The Japanese Encephalitis Antigenic Complex Viruses: From Structure to Immunity

Abstract

In the last three decades, several flaviviruses of concern that belong to different antigenic groups have expanded geographically. This has resulted in the presence of often more than one virus from a single antigenic group in some areas, while in Europe, Africa and Australia, additionally, multiple viruses belonging to the Japanese encephalitis (JE) serogroup co-circulate. Morphological heterogeneity of flaviviruses dictates antibody recognition and affects virus neutralization, which influences infection control. The latter is further impacted by sequential infections involving diverse flaviviruses co-circulating within a region and their cross-reactivity. The ensuing complex molecular virus-host interplay leads to either cross-protection or disease enhancement; however, the molecular determinants and mechanisms driving these outcomes are unclear. In this review, we provide an overview of the epidemiology of four JE serocomplex viruses, parameters affecting flaviviral heterogeneity and antibody recognition, host immune responses and the current knowledge of the cross-reactivity involving JE serocomplex flaviviruses that leads to differential clinical outcomes, which may inform future preventative and therapeutic interventions.
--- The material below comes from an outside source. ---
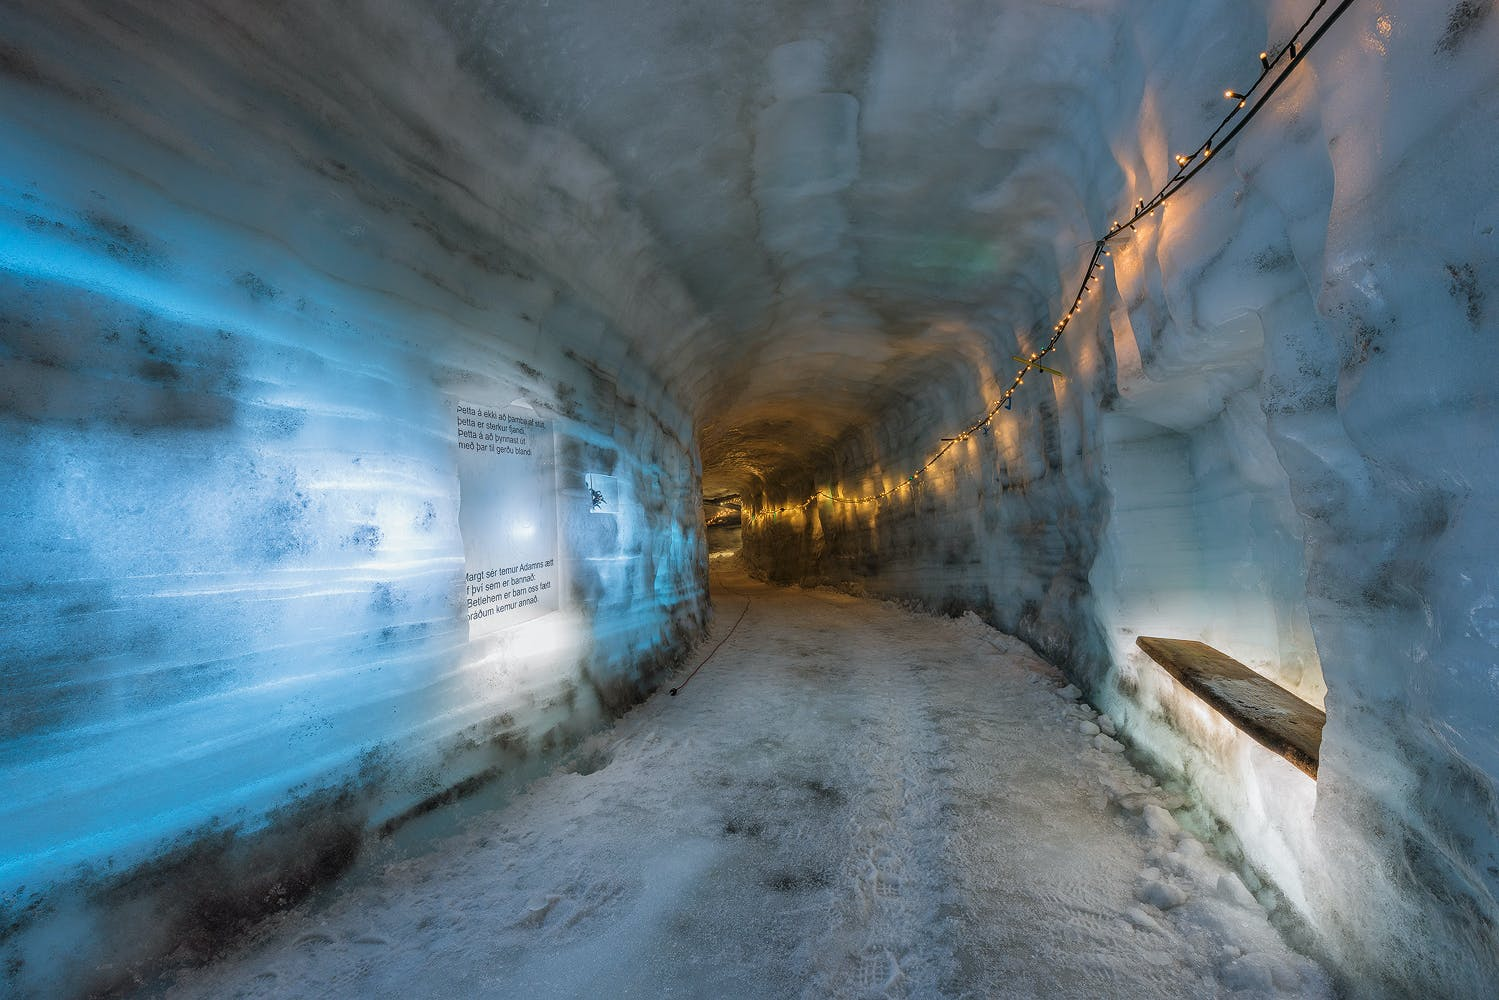 Golden Circle with Langjokull Ice Tunnel

Keywords: Japanese encephalitis serogroup; Japanese encephalitis virus; Murray valley encephalitis virus; Usutu virus; West Nile virus; cross-reactivity; envelope protein.

Figure 1

Global distribution of flaviviruses. Multiple flaviviruses co-circulate in most continents; of these, at least one virus belongs to the JE serocomplex. Co-circulation of more than one JE serocomplex virus occurs in Africa, Europe, Asia and Australia. The figure was generated using an online tool, URL: https://mapchart.net. (DENV: Dengue virus; IHLV: Ilheus virus; JEV: Japanese encephalitis virus; MVEV: Murray valley encephalitis virus; POWV: Powassan virus; ROCV: Rocio virus; SPOV: Spondwenii virus; USUV: Usutu virus; WSLV: Wesselsbron virus; WNV: West nile virus; YFV: Yellow fever virus; ZIKV: Zika virus).

Figure 2

Models of the flavivirus structural proteins corresponding to various stages in the virus life cycle. (A–C): Immature DENV1 trimer, mature USUV dimer and the fusogenic DENV hairpin conformation, respectively. Corresponding top views are depicted in (D–F), respectively. For the immature E trimer and the E dimer, the E-stem region is also shown. The models are color coded as follows: DI (red), DII (yellow), DIII (blue), fusion loop (green), glycosylation sites (orange) and prM (cyan); for (B,E), the E-stem is in light blue and M protein is in teal.

Figure 3

Models of some JE serocomplex flavivirus particles with bound Fabs. (A). Immature WNV particle with bound E53, which is cross-reactive and preferentially binds immature flavivirus particle but not the mature particles. The Fab chains are depicted in green and light green. (B). Mature WNV with bound CR4354, which binds two neighboring E molecules and neutralizes by blocking the conformational rearrangement essential for membrane fusion. Fab chains are shown in blue and light blue.